Welnak and Luckason’s efforts to hold the Hunger Banquet took shape in Nursing 322, a community health nursing course taught by Rachel Rodriguez, PhD, assistant professor at the School of Nursing. Known for her work in rural health and championing the rights of migrant farmworker women, Rodriguez saw the opportunity to pull her students’ experiences into the context of social justice issues.

At the beginning of the semester, Rodriguez threw down the gauntlet: Any student who would be willing to orchestrate the Hunger Banquet would receive extra credit in the class. Many class members volunteered to participate, and Bethany Welnak and Jessica Luckason stepped forward to lead the effort.

“It seemed that about half of our class signed up to help with the activity, but we were leaderless. I thought it a good idea to form different groups. So we had people sign up to be on the planning/program, food, and decorating committees, says Welnak.

The banquet

On Thanksgiving eve, approximately 45 nursing students gathered in the HSLC to partake in the banquet. While sobering statistics on poverty and hunger lined the walls of the banquet room to set the tone, each participant was randomly “color-coded,” and placed in one of three economic classes: high, middle and low. Participants dined according to what each group’s income theoretically could afford. The upper-income group was served on tablecloths with silverware and balloons and feasted on fruit platters and a variety of bagels with flavored cream cheese and candy canes. The middle class received juice, plain bagels and cream cheese served less festively. Cheerios was served to the low-income group.

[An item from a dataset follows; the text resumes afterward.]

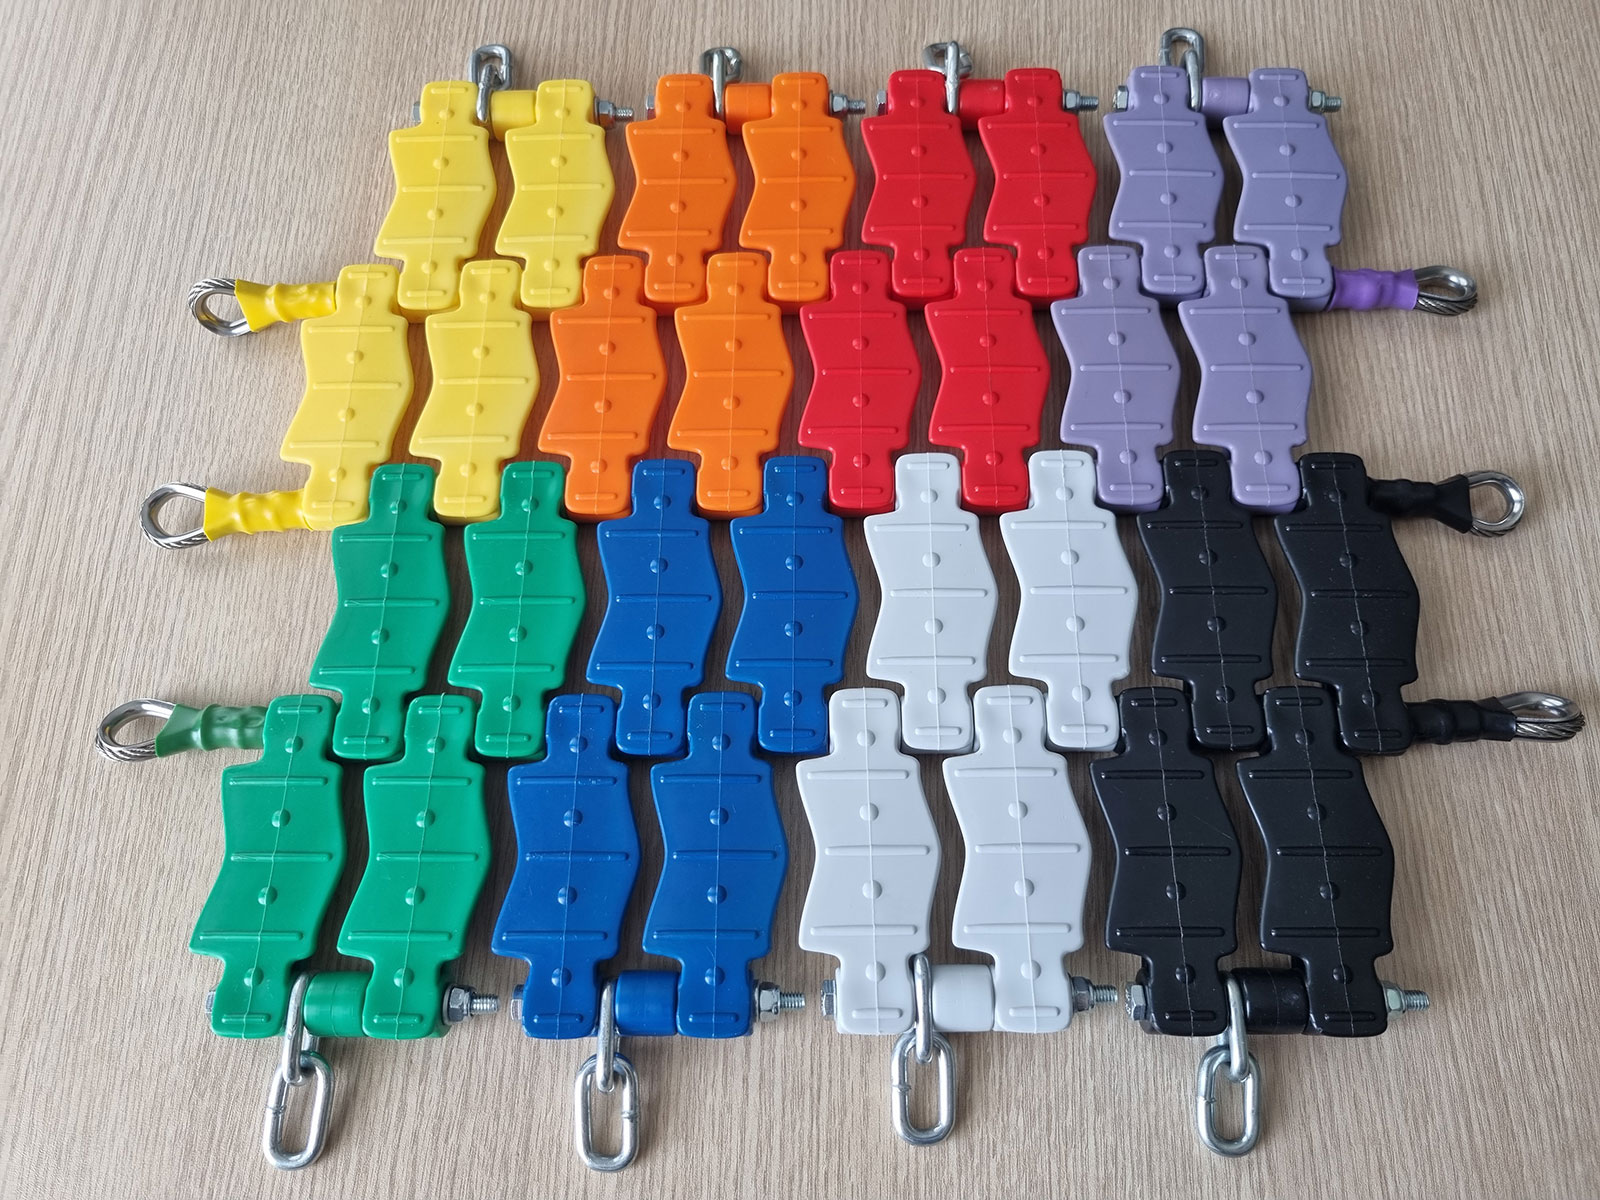 Farbmuster mit verfügbaren Farben für die Gestaltung von Grafiken auf den Sprungmatten von Trampolinen.

“The rules for the low and middle classes,” says Welnak, “were to share food and to ask for food from any class above them. The upper class was not to talk to the other classes or share food.”

The activity served as the impetus for participants to face and grapple with the inequalities based on income and indignities of being poor. As was expected, some left the banquet sated, others experiencing twinges of hunger, but all left well aware of the inhumanity of poverty.

Two speakers anchor event

Welnak and Luckason arranged for two speakers to anchor the activity. Paul Ash, director of the meal program at St. Paul’s University Catholic Center, assists Madison’s local populations who suffer from poverty. He explained the reasons for people using the program—cannot afford both food and rent, cannot hold a job, are struck by situational poverty, such as fire destroying a dwelling—but emphasized the need to eliminate the lack of dignity felt by many needing help.

Wendy Damm, clinical assistant professor at the School of Nursing, spoke of her experiences in Haiti, where she had volunteered on 10 medical missions in the last six years. The worst condition, she noted, was not having clean water. Damm’s primary message was to increase awareness of the many kinds of poverty and hunger that exist world-wide.

Desired outcomes

The purpose of staging the Hunger Banquet, says Luckason, was to emphasize that personal choices made every day influence the distribution of resources to others.

“Poverty and hunger are not only a problem in other countries, it is very prevalent throughout America—in our own communities and neighborhoods,” she notes.

Welaka adds, “We hope to make people (our classmates) understand hunger, what it is, how we play a part in it and how we can make a difference as nurses.”